De plus, une limite des approches focalisées exclusivement sur l’apprentissage peut être de laisser de côté l’activité des enseignants (Burkhardt, 2010), dirigée vers l’acquisition de connaissances par les élèves. Or cette activité doit être prise en considération dans le cadre de démarches de conception de TICE pour favoriser leur intégration dans le travail enseignant. Au final, les concepteurs doivent donc s’appuyer à la fois sur les activités d’enseignement et d’apprentissage.

Par ailleurs, afin de prendre en compte l’apprentissage sur l’ensemble de la conception, il a été montré que l’analyse d’une tâche-élève peut s’appuyer sur l’expertise d’un didacticien dans une discipline donnée afin d’identifier ce que l’élève peut faire pour la réaliser (Rogalski, 2008). Un didacticien peut en effet s’appuyer sur les différents types de processus d’apprentissage adaptés aux formes de connaissances des élèves (p. ex. Musial & al., 2011) afin de proposer des tâches d’apprentissages pertinentes dans le cadre de leur enseignement. C’était un des rôles de l’enseignante-chercheure en didactique qui a participé à l’ensemble de la conception.

1.1.2.3 Les ergonomes du CEA-LIST

Au moins un ergonome était présent à chaque réunion parmi les deux qui participaient au projet de conception (une ergonome experte en conception avec de nouvelles technologies et un doctorant en ergonomie).

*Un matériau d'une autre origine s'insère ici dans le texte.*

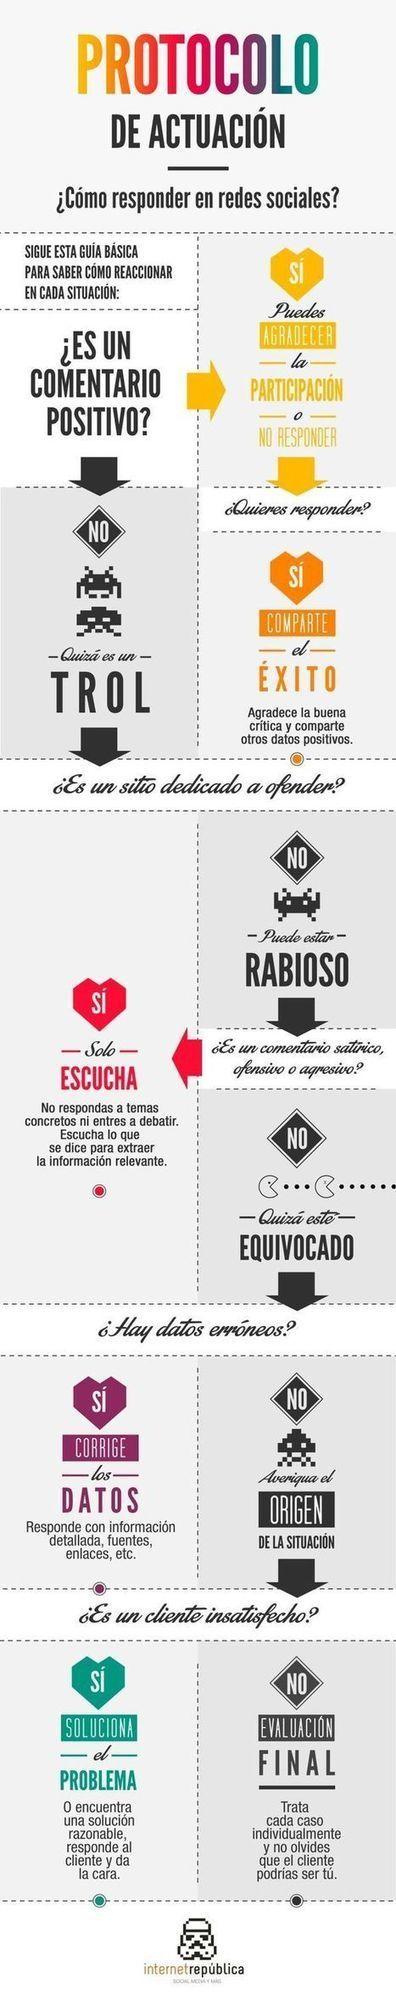 Protocolo de actuación para responder en redes sociales   MediosSociales   Scoop.it

Ils avaient plusieurs rôles lors des réunions de conception, dont celui de référent sur la technologie (tables interactives et interactions tangibles). Ce rôle se traduisait par la présentation des technologies, de leurs apports et limites potentiels, à la fois techniques et ergonomiques, notamment grâce aux résultats de l’analyse prospective (cf. chapitre 5) et à la littérature (cf. chapitre 3). De plus, ils rendaient compte de l’avancement de la réalisation de l’application tangible et des objets intermédiaires de conception.

En outre, les ergonomes étaient également co-concepteurs, critiques et forces de propositions d’après la littérature et les études menées sur le terrain. Ils assistaient la démarche globale en traçant la logique de conception concernant l’avancement des caractéristiques de l’artefact. Enfin, les ergonomes alimentaient, avec l’enseignant qui y avait participé, les restitutions post-expérimentales et émettaient des propositions d’amélioration en lien avec la technologie.

1.1.3 Matériel

Les réunions de conception avaient lieu dans les locaux de l’IFÉ, qui disposait d’une table interactive. Initialement, un démonstrateur avait été conçu en amont des réunions pour illustrer les principes de base des interactions tangibles. Il s’agissait du même que celui utilisé dans l’atelier créatif du chapitre 5. Dans un premier temps, des maquettes papier ont été utilisées. Par la suite, les concepteurs ont pu interagir avec différentes versions de l’artefact en cours d’élaboration, c.-à-d. les objets tangibles et le prototype de l’application logicielle. Par ailleurs, les scénarios pédagogiques initiaux, ou en cours de reformulation, servaient également de support pour guider la conception.

1.1.4 Données recueillies

Des enregistrements audio de chaque réunion ont été réalisés et, pour certaines d’entre-elles, une caméra filmait les échanges entre concepteurs et leurs interactions avec la table interactive et les objets tangibles. Les différents supports mobilisés, ont également été collectés, p. ex. les croquis des concepteurs, les maquettes utilisées et les comptes-rendus des réunions.